Closed michaelhkay closed 7 months ago
I think this is a good idea, but I don't understand the last paragraph. What does it mean for a JSON text to end with a letter or digit if there isn't whitespace after it. I infer that
three
four
(Or, I suppose, three four
on a single line.)
Would parse as ["three", "four"]
. But the only interpretation I can make of the last paragraph is that the input is
threefour
which must surely parse as ["threefour"]
.
MHK: The only JSON texts that can end in a letter or number are (a) numbers, or (b) true, false, and null. So you can write 12 true true 5
but you can't write 12truetrue5
.
We should also clarify if "A""B"
is a legal input, or if it must be "A" "B"
.
Other cases: "A"{"B":"C"}
, []1
, …
Maybe, multiple JSON fragments should always be separated by at least one whitespace character?
MHK: that would certainly be simpler.
So, what separator will be used between the JSON (objects') texts ?
Just assuming "whitespace separation" seems to be rather error-prone. If the input contains a syntactically invalid JSON text, then this could be parsed, quite misleadingly, as two or more JSON objects.
Or am I completely misunderstanding this?
There's no ambiguity. The top level construct in the JSON grammar is an object, array, string, number, or the keyword true, false, or null. When you've read one of those, the only thing that can follow at present is EOF. This proposal changes this so instead of EOF, you can have another top-level construct.
You'll find lots of people asking how to parse files that contain multiple JSON objects. The nearest thing to a standard is "json lines" - https://jsonlines.org - which holds one JSON value per line; but there's no reason to restrict it that way, it's just as easy to allow multiple JSON values (which may contain newlines) separated by arbitrary whitespace.
It's true that erroneous JSON might be mis-parsed. But this mode of parsing won't be the default, so people will only use it if this is the input format they need to handle.

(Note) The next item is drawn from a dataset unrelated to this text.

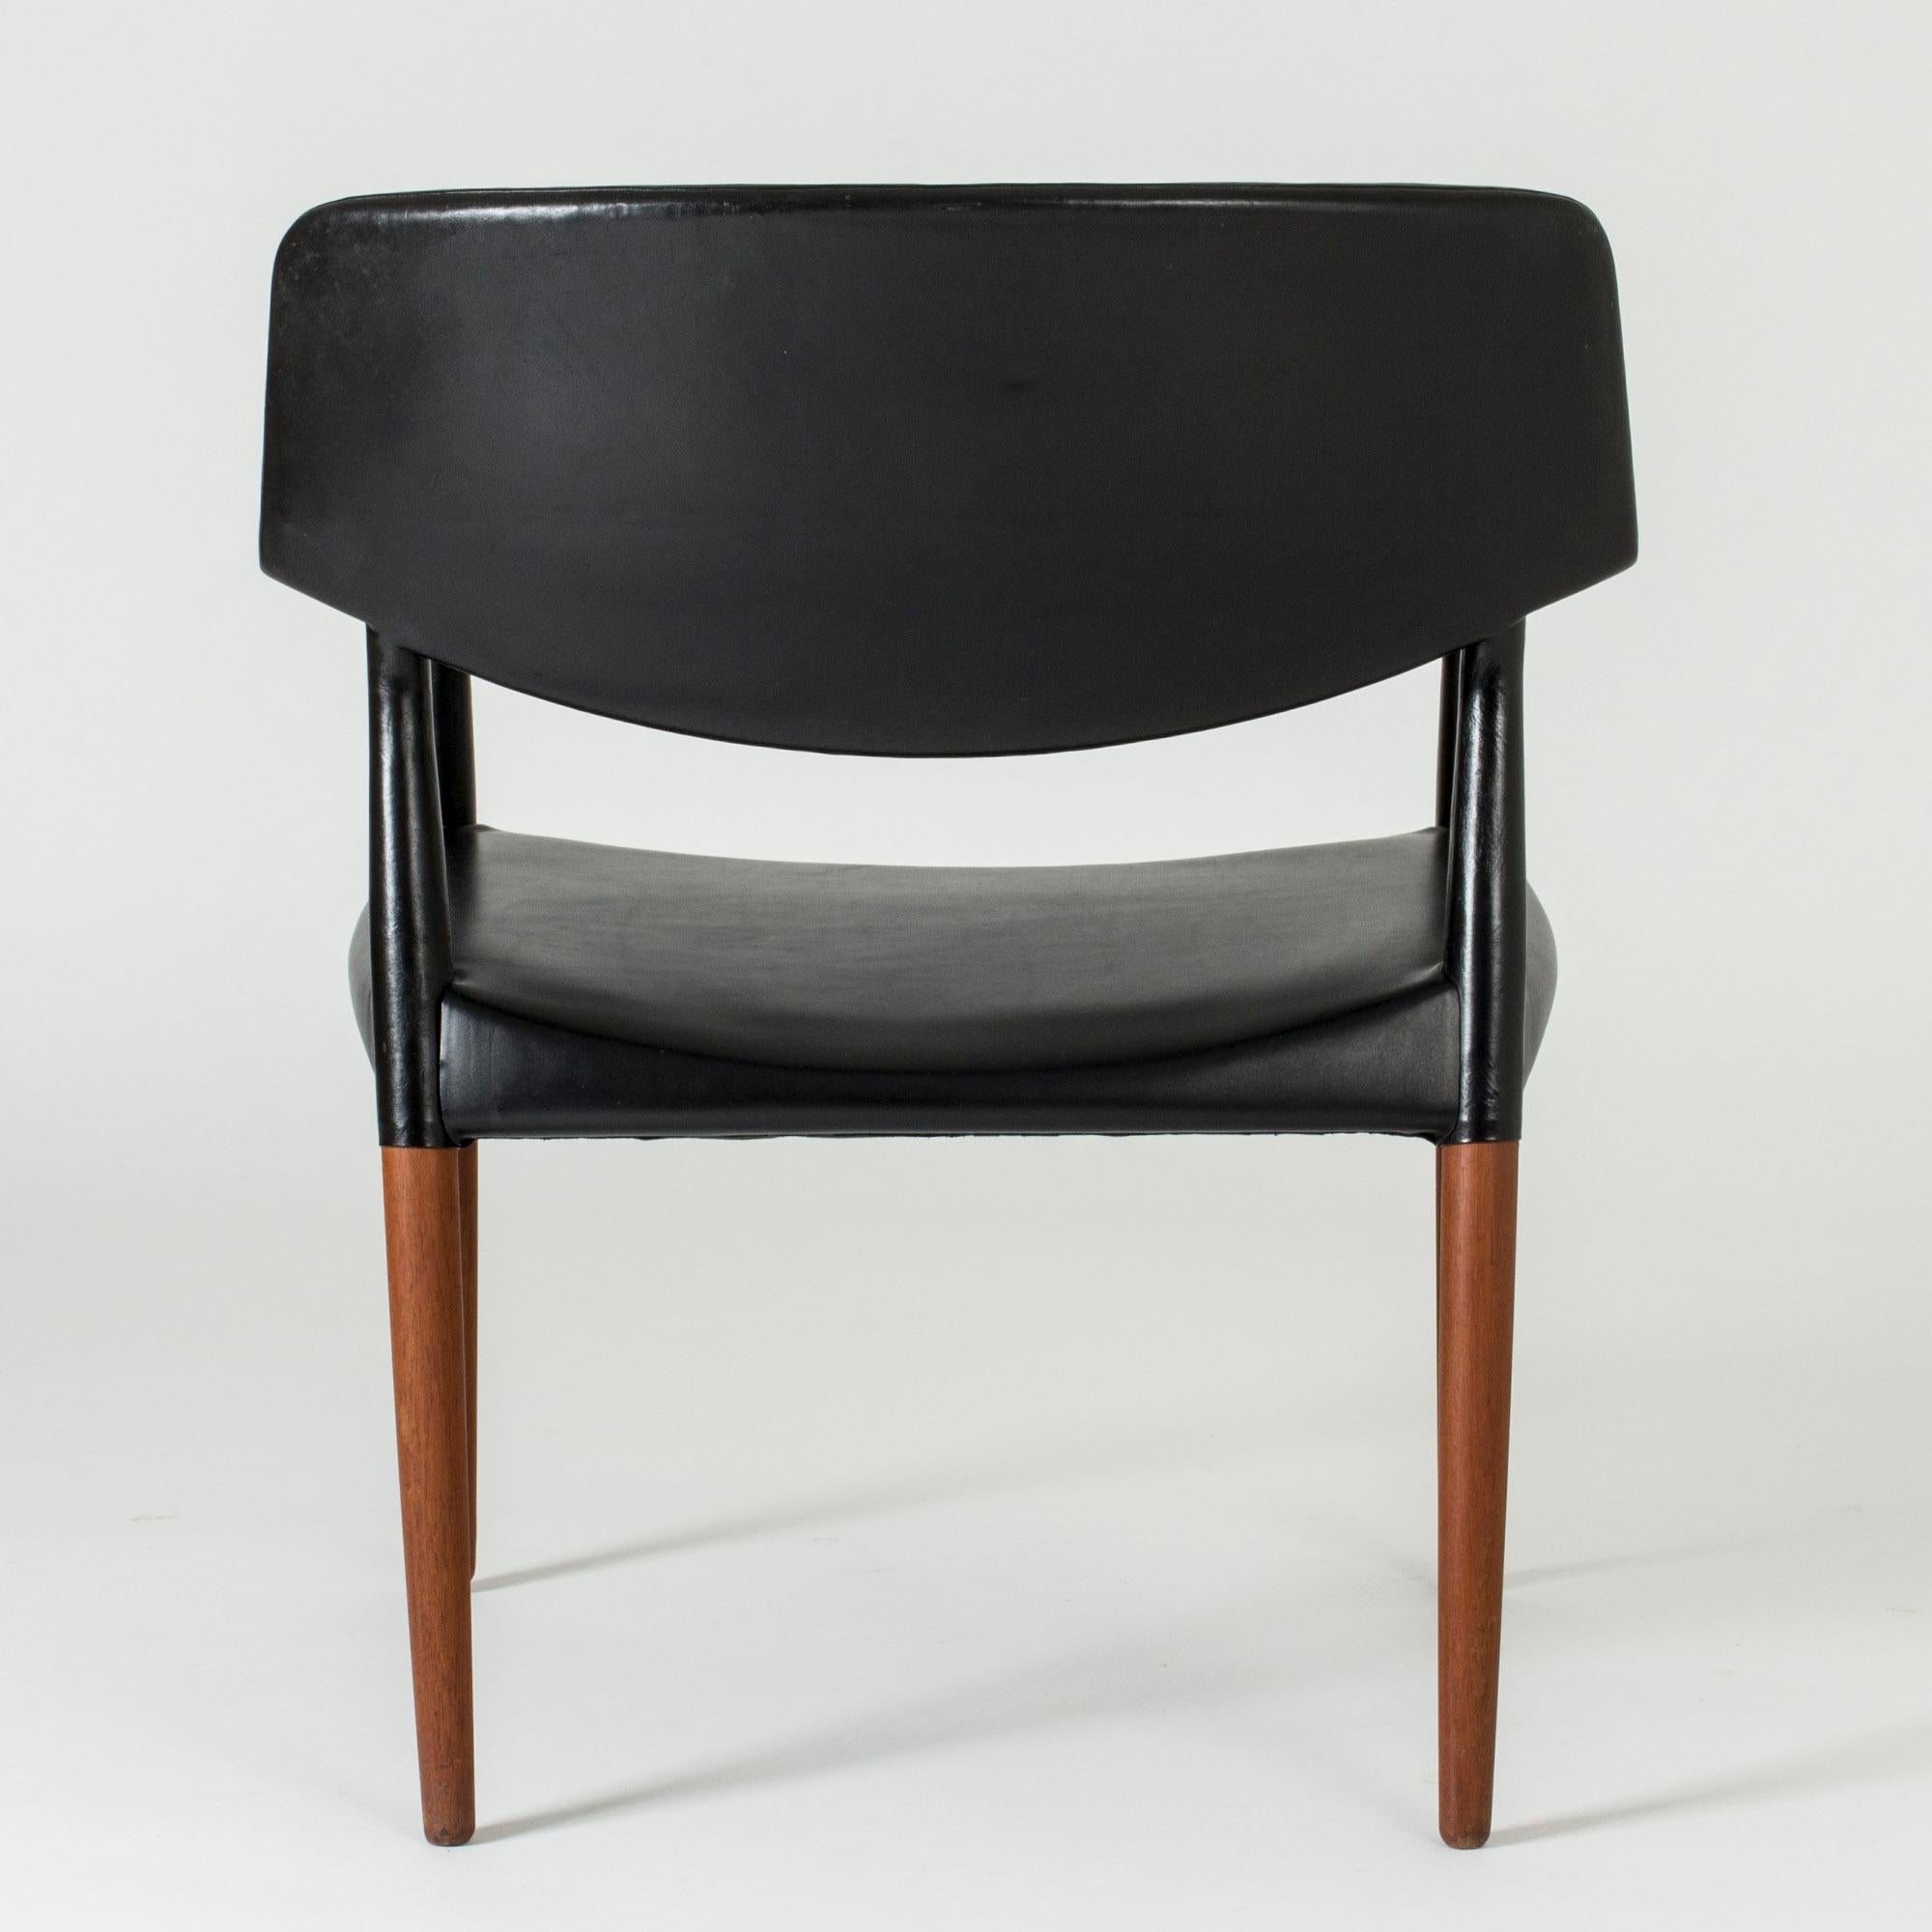 Swedish Midcentury Leather Armchair by Ejnar Larsen & Aksel Bender Madsen for Willy Beck For Sale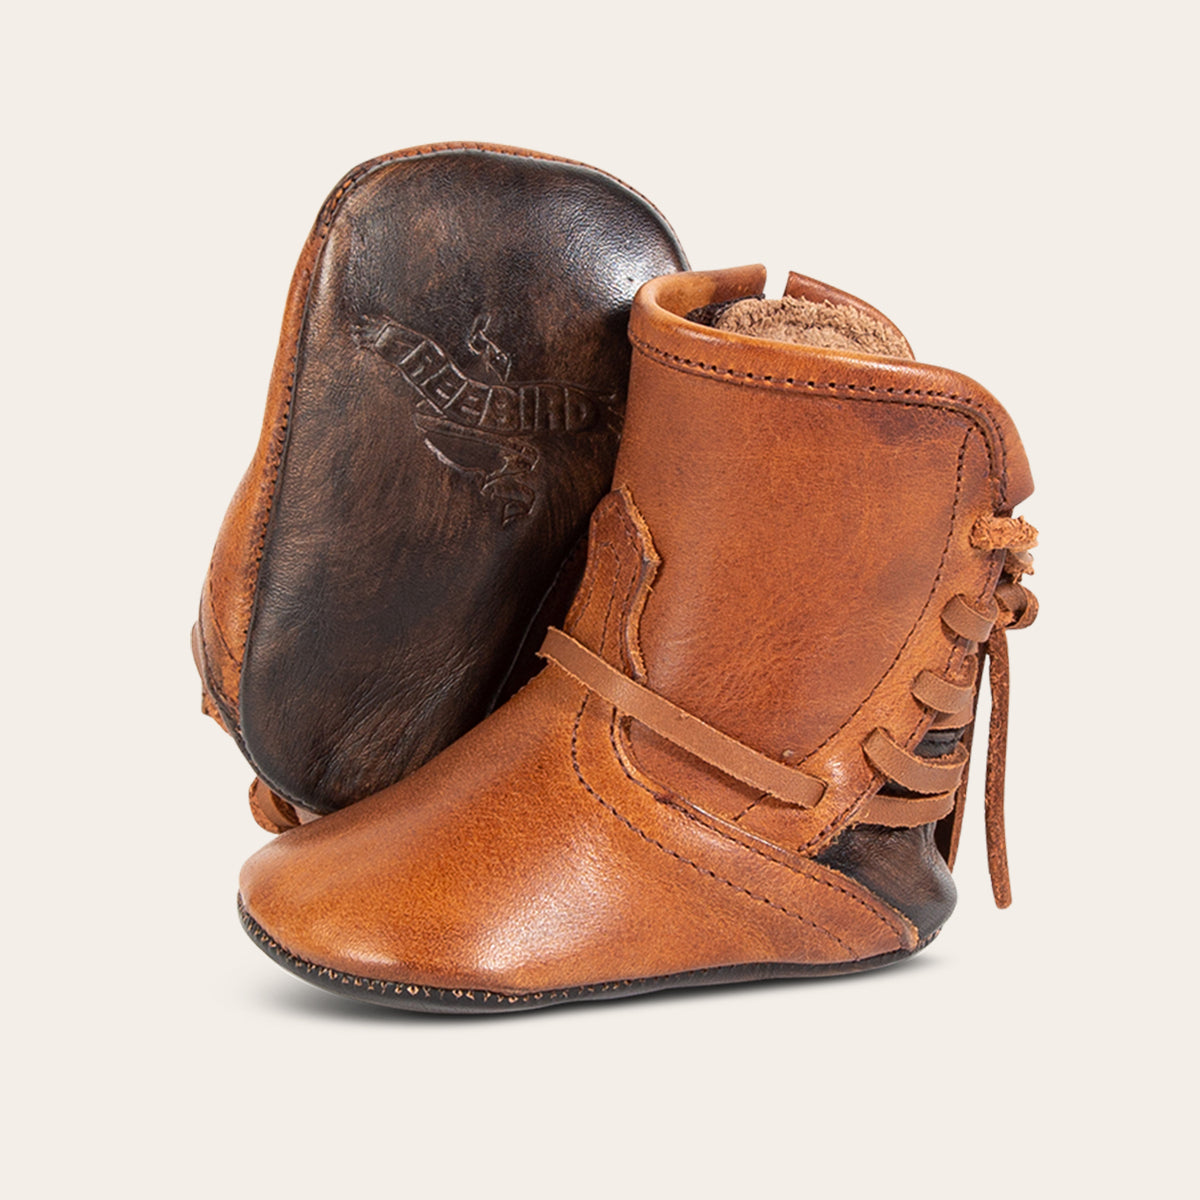 front view showing leather lace detailing and soft leather imprinted sole on FREEBIRD infant baby coal cognac leather bootie

JSONiq had a jsoniq-multiple-top-level-items
option for that
liberal
could parse anything
It's true that erroneous JSON might be mis-parsed. But this mode of parsing won't be the default, so people will only use it if this is the input format they need to handle.
Maybe it would be even better to allow the user to specify a particular JSON-document string delimiter (with default some whitespace) so that the chance for such accidental errors could be minimized?
In terms of coherence, a dedicated fn:parse-json-fragments
may be the better choice (unless we add a multiple
option for fn:parse-xml
and fn:doc
).
I propose to drop this issue, on the grounds that parsing of JSON Lines input can be readily achieved using
array{unparsed-text-lines($input) =!> parse-json()}
Note that JSON Lines does NOT allow multiple arbitrary JSON texts to be simply concatenated with newline separators as suggested in the original proposal. Each line of the input has to be a JSON text, which means newlines can only be used to separate JSON texts, not to separate tokens within a JSON text. It's therefore possible to start by splitting the input into lines, and then parsing each line.
The CG agreed to close this issue without further action at meeting 074
It is common practice (though not, I believe, covered by any standard) to have files that contain multiple JSON objects. Often these will be arranged one per line, as in our own qt3tests use case R31 at https://github.com/w3c/qt3tests/blob/master/app/UseCaseR31/sales.json . In that example, the file can be parsed using
unparsed-text-lines()!parse-json()
. But in the more general case, where each object may itself be multi-line, there's no easy way of handling this.I propose an option multiple=true() on
fn:parse-json
andfn:json-doc
that enables parsing of an input containing multiple (zero or more) concatenated JSON texts. When this option is present, the result will always be delivered as an array, containing one member for each JSON text in the input. The wrapper array will be present even if the number of JSON texts in the input is zero or one.If a JSON text ends with a letter or digit and the next JSON text starts with a letter or digit then they must be separated by whitespace.